Now the Schroedinger equation in a single cell, with the boundary condition specified by k, has an infinity of solutions labelled by n.
 
  • #3
So the second one is correct ans.
 

1. What are energy bands in solid materials?

Energy bands in solid materials refer to the range of energies that electrons can occupy within a solid material. These bands are formed by the overlapping of individual energy levels of atoms in the material.

2. What determines the width of energy bands in solids?

The width of energy bands in solids is determined by the spacing between energy levels of atoms in the material.

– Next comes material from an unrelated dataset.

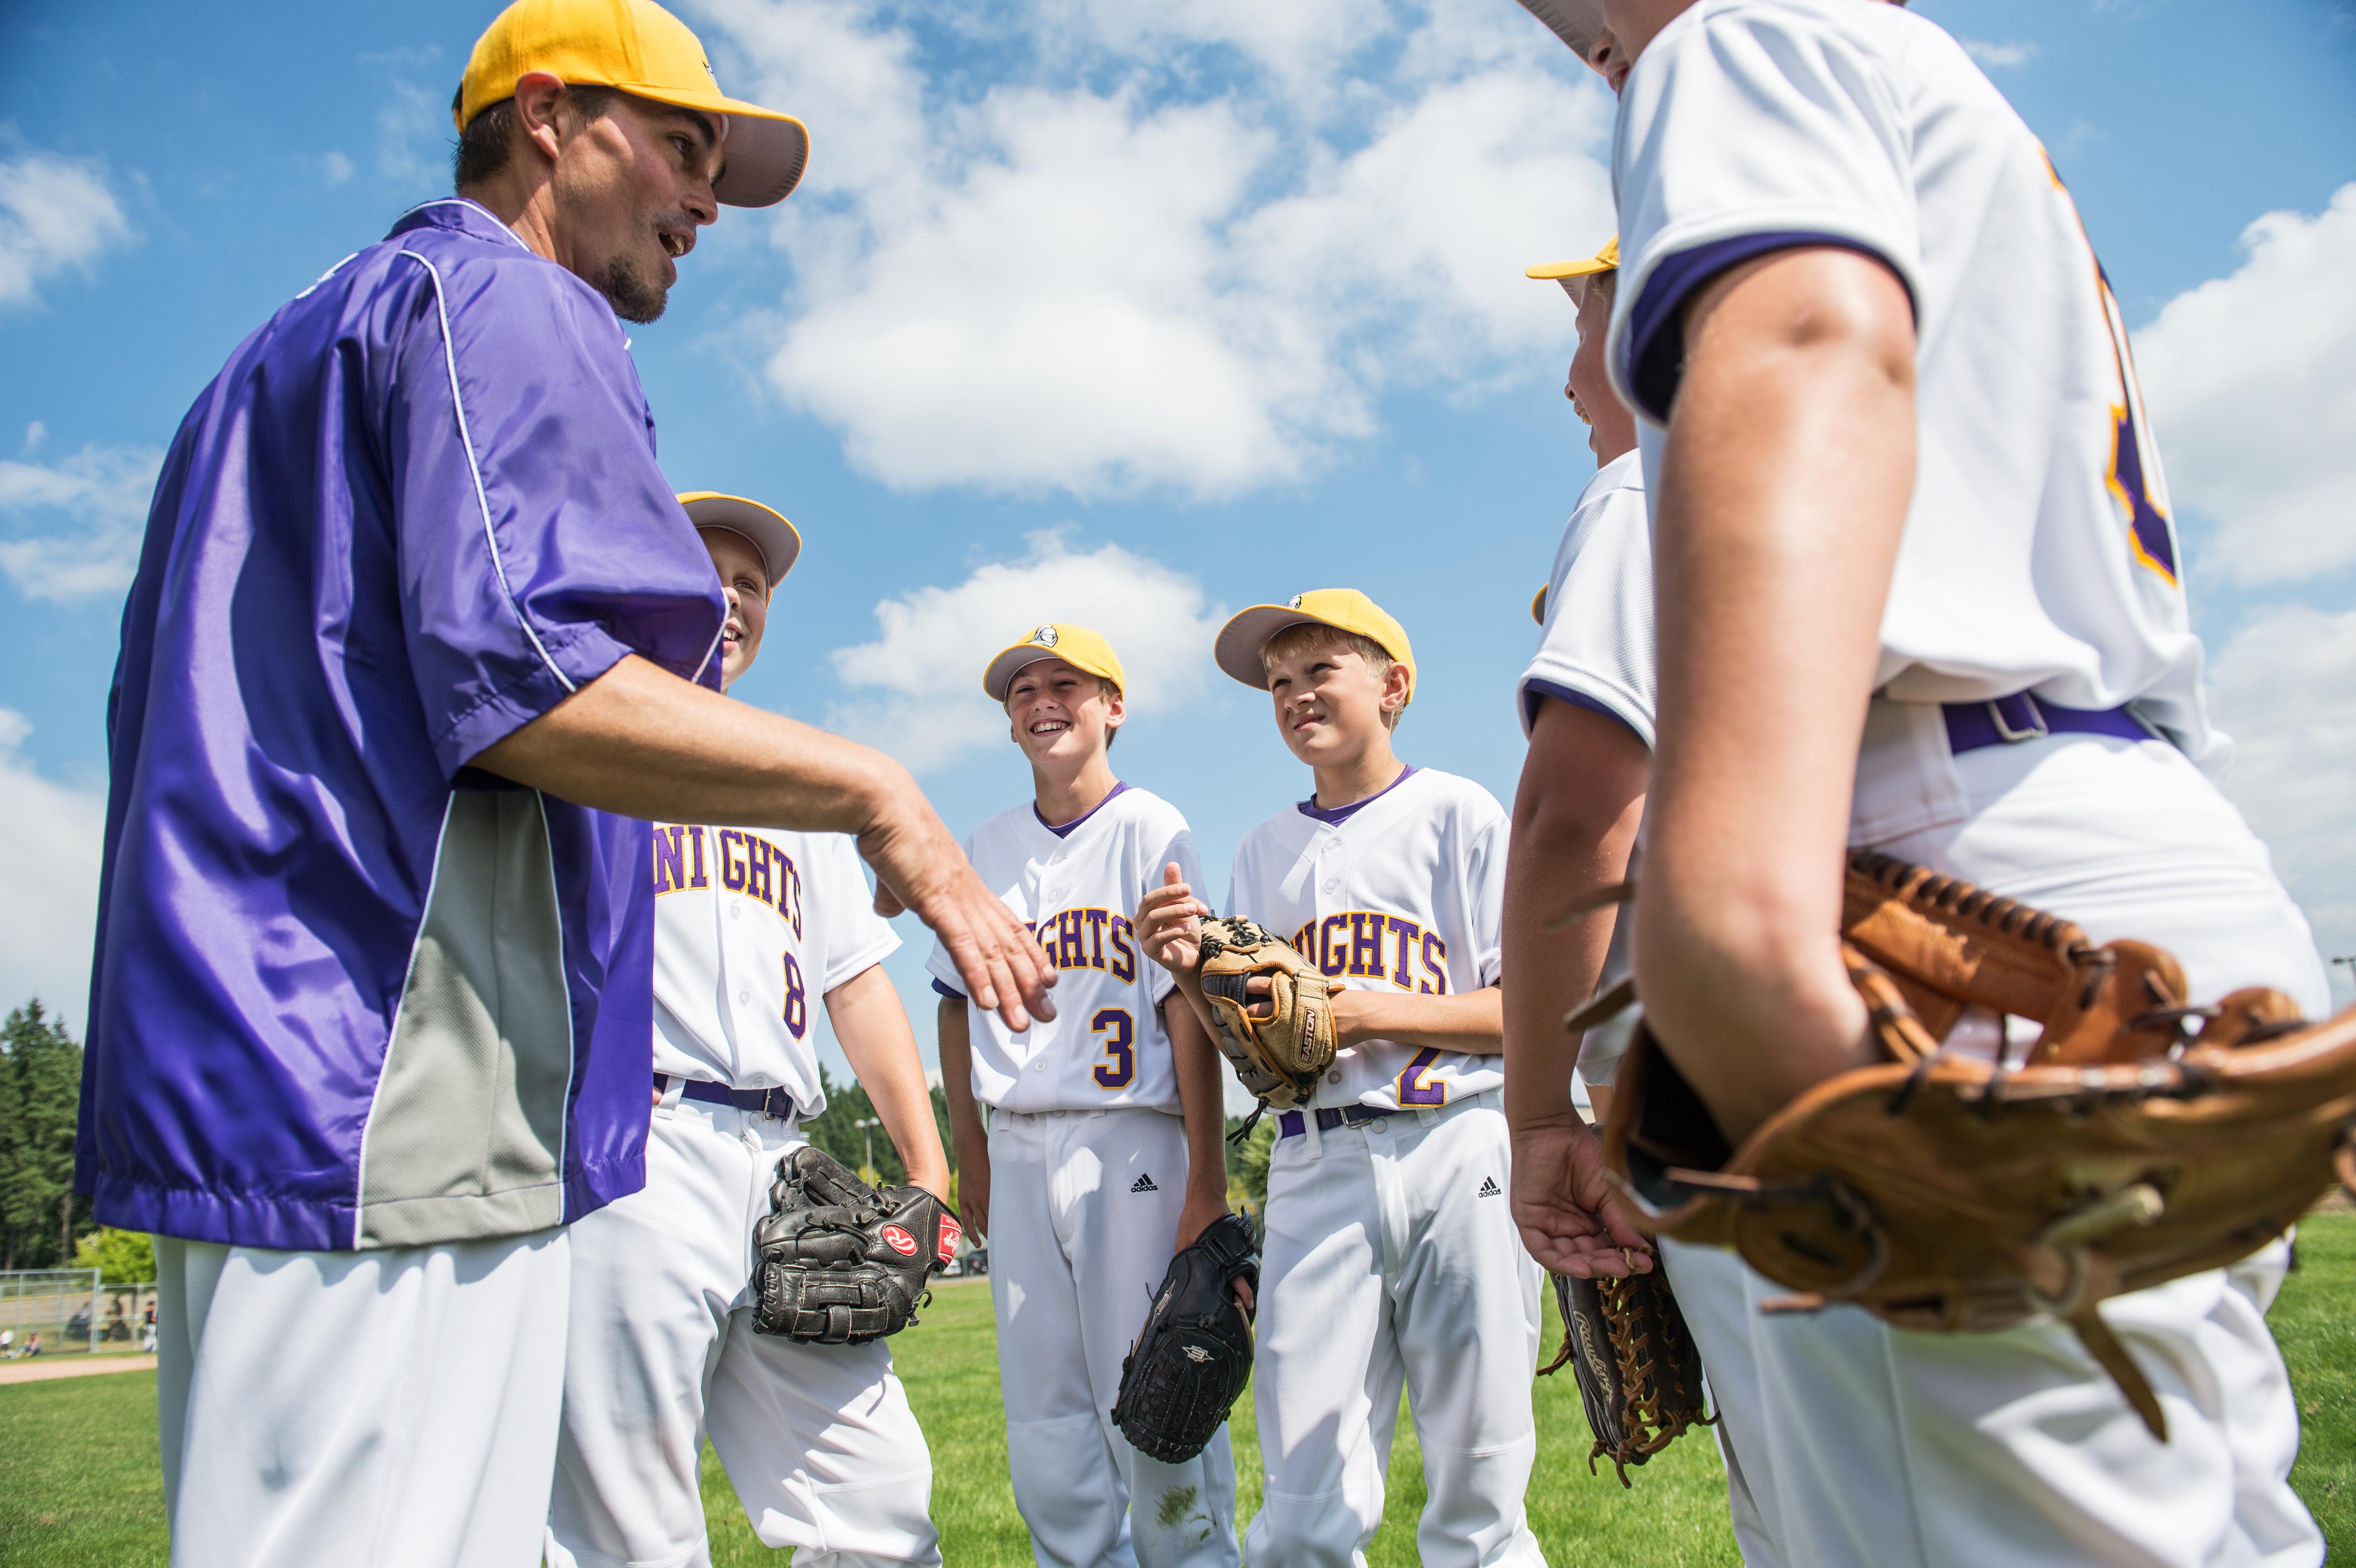 Baseball Coaching Tips: The Benefits of Positive Coaching | PRO TIPS by  DICK'S Sporting Goods

This spacing is affected by the type and arrangement of atoms, as well as external factors such as temperature and pressure.

3. How do energy bands affect the properties of solid materials?

The properties of solid materials are greatly influenced by the energy bands present. For example, materials with wider energy bands tend to be better electrical conductors, while those with narrower bands are often insulators. Energy bands also play a role in determining a material's optical and magnetic properties.

4. Can energy bands in solids be changed?

Yes, energy bands in solids can be changed through various means such as doping, applying external electric or magnetic fields, or altering the temperature or pressure. These changes can result in a shift in the position or width of energy bands, thus affecting the properties of the material.

5. How are energy bands related to the band gap in a material?

The band gap in a material refers to the energy range between the valence band (highest occupied energy band) and the conduction band (lowest unoccupied energy band). Energy bands within this range are filled with electrons, while those above or below are empty. The band gap is determined by the width and position of energy bands in the material.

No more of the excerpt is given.